> DATA SEGMENT:

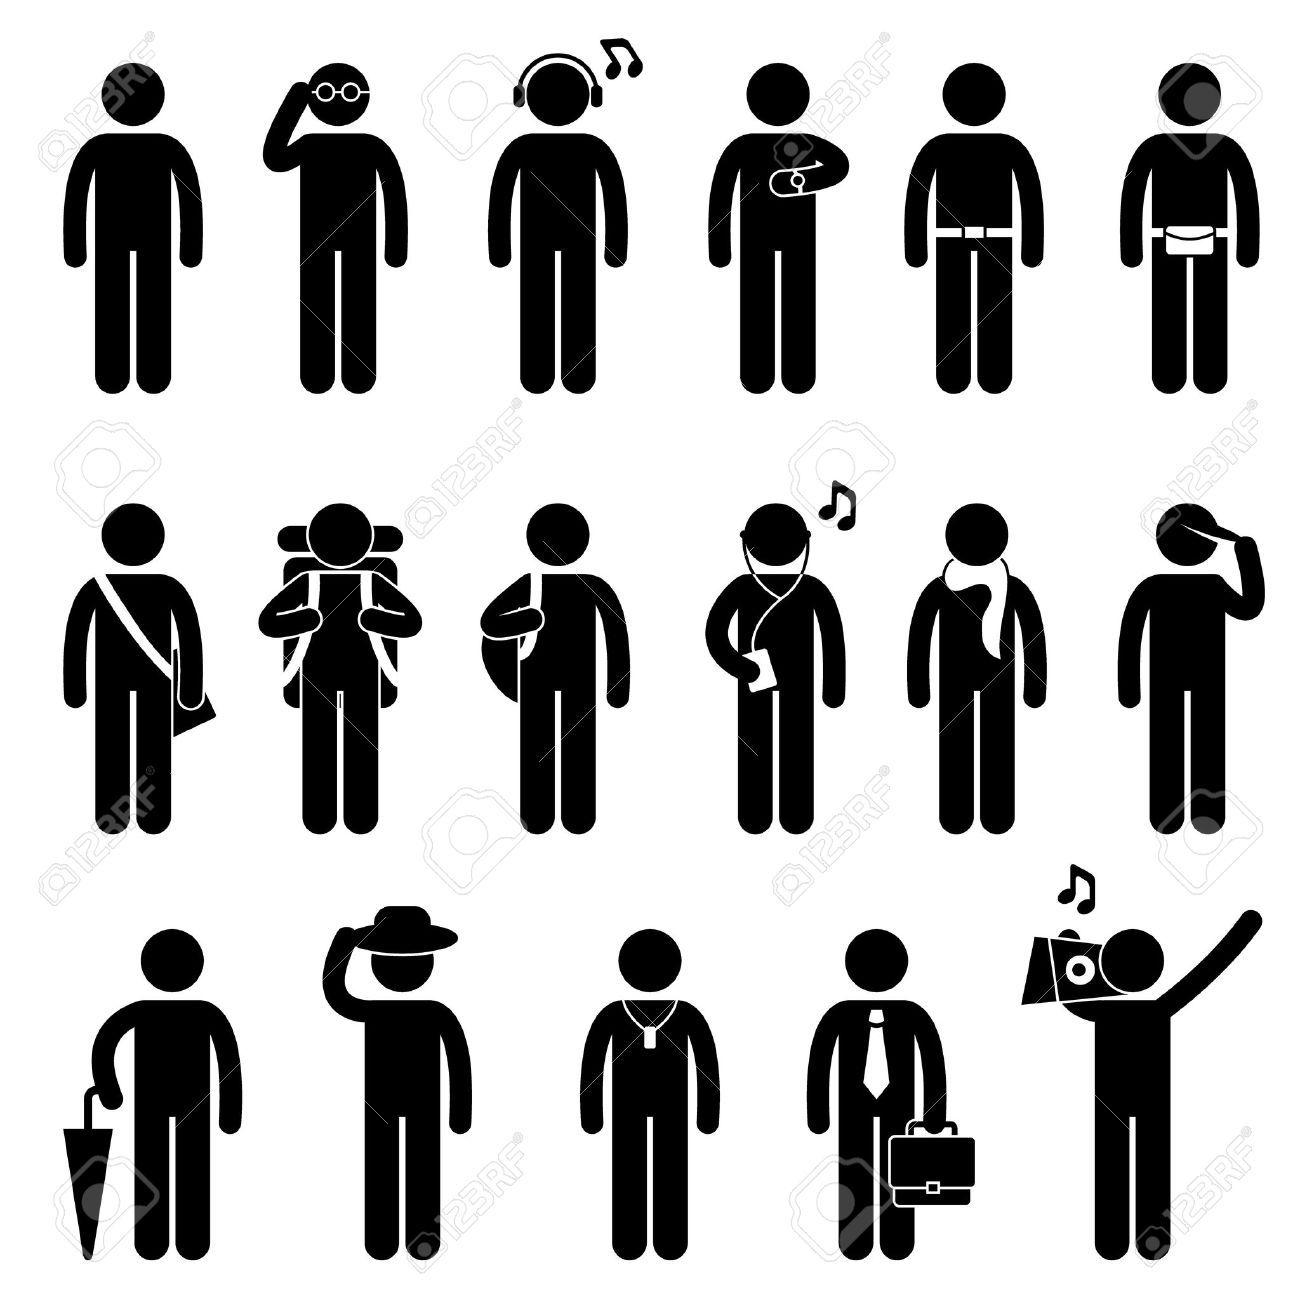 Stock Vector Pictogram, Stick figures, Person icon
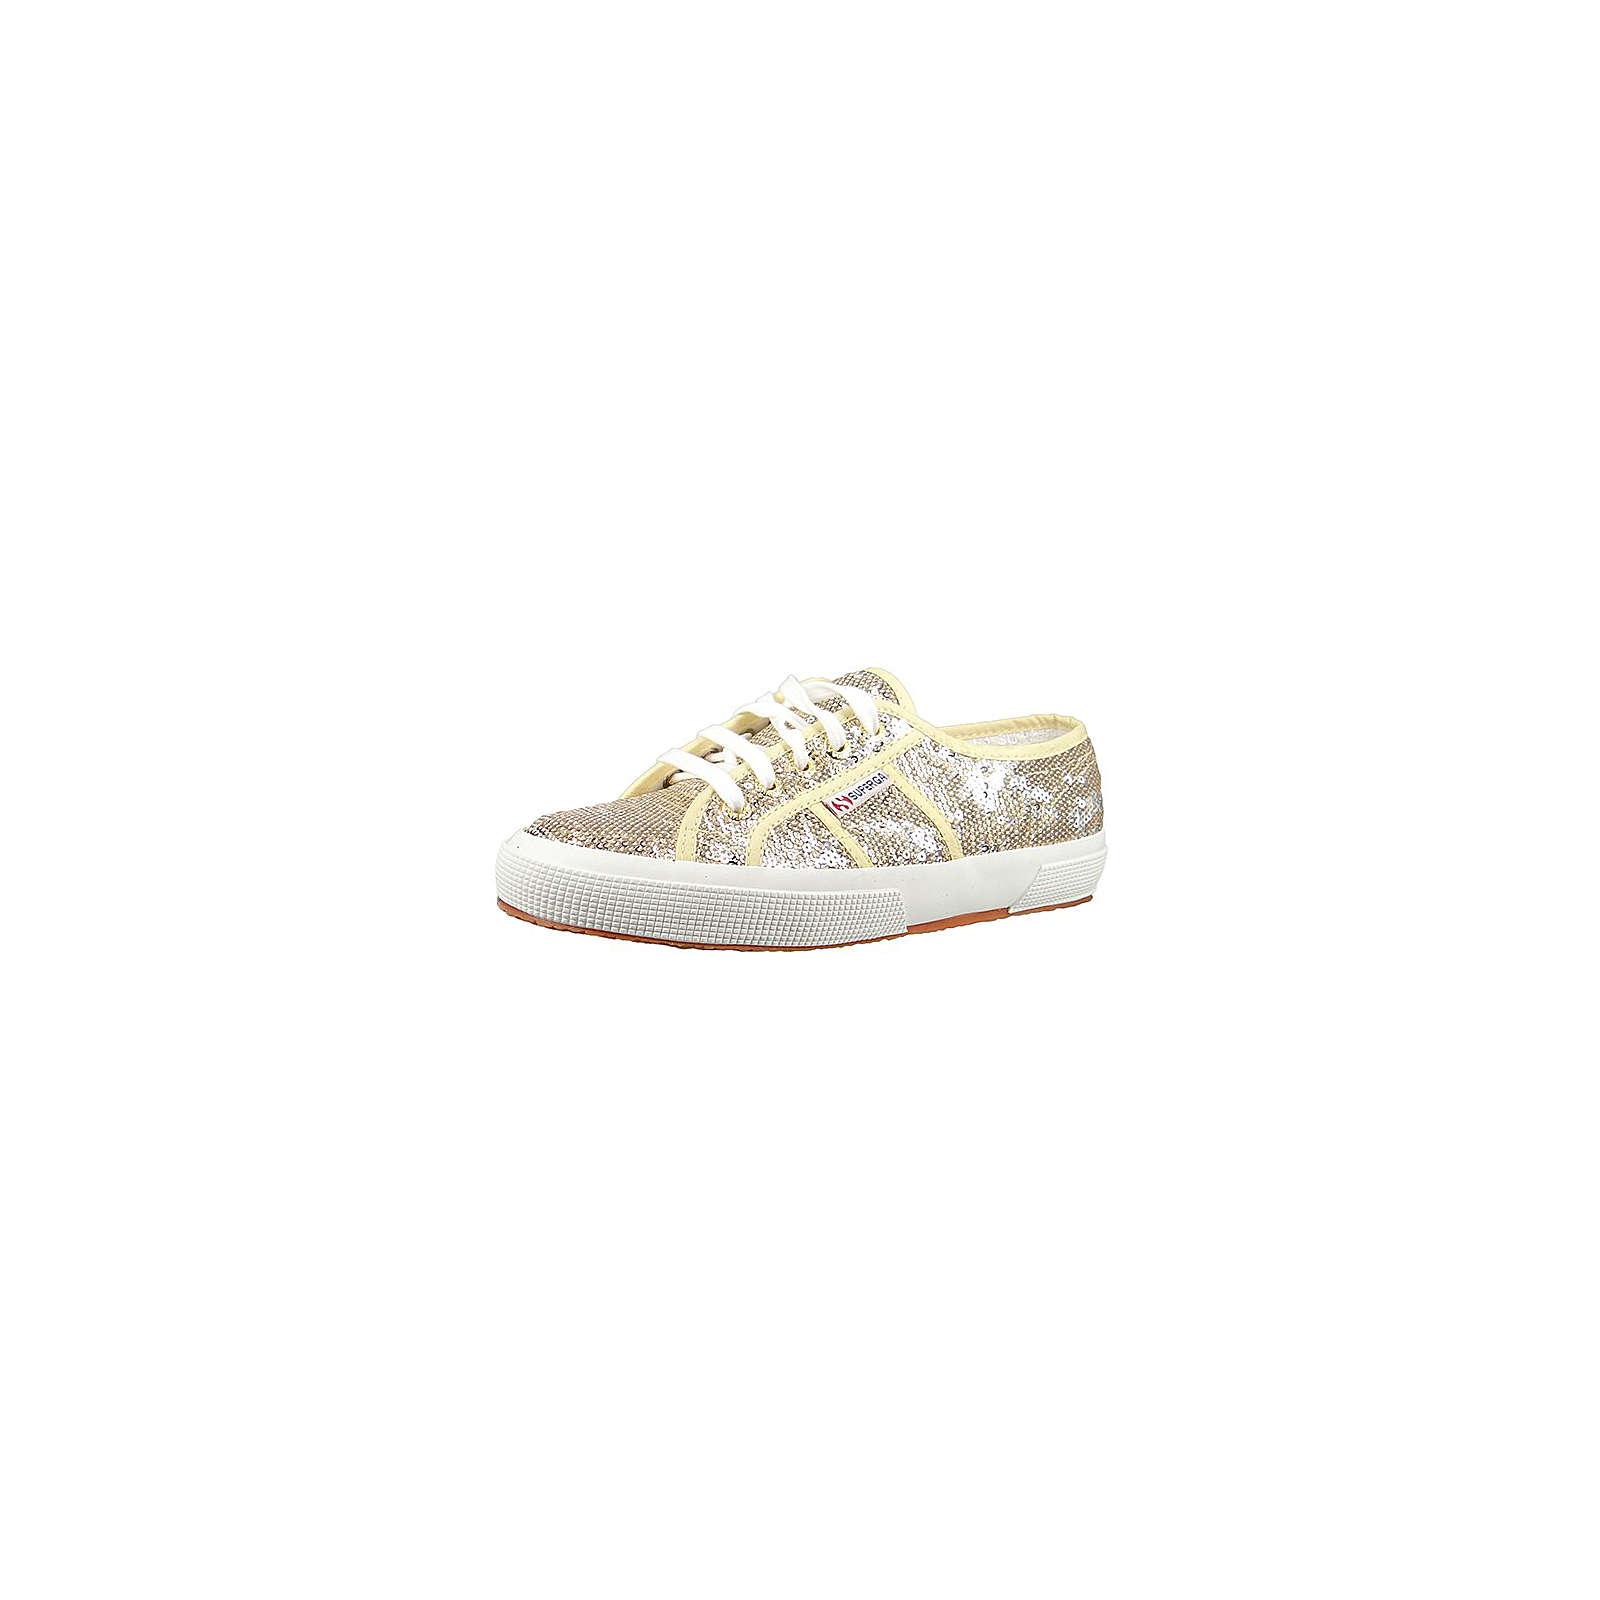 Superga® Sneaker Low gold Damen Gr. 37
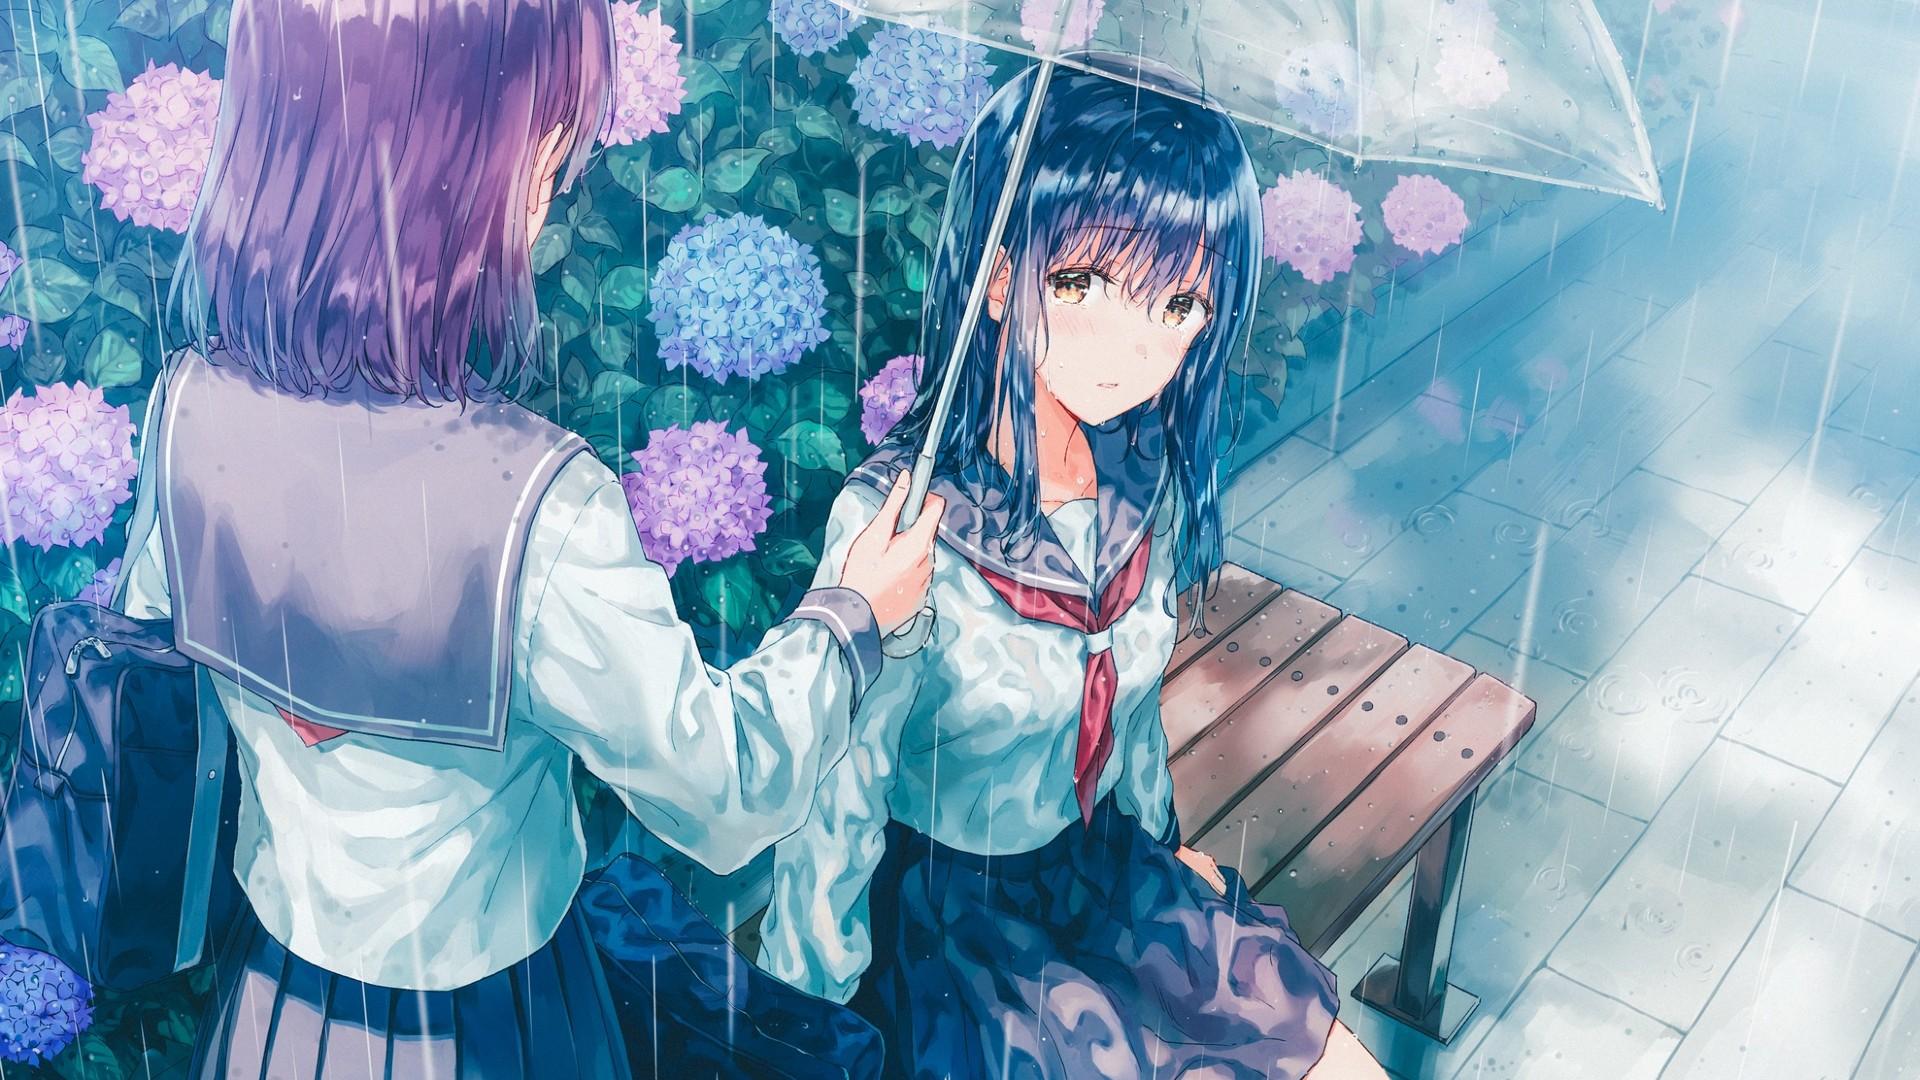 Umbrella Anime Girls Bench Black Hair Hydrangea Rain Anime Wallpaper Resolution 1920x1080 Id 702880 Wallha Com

> AIM OF THE EXERCISE:
Every line from the one holding "Superga® Sneaker Low gold Damen Gr. 37" through the final line of the data above is to be reproduced exactly, both ends included, with the pictures left out.

> RESPONSE AREA:
 Superga® Sneaker Low gold Damen Gr. 37
 Umbrella Anime Girls Bench Black Hair Hydrangea Rain Anime Wallpaper Resolution 1920x1080 Id 702880 Wallha Com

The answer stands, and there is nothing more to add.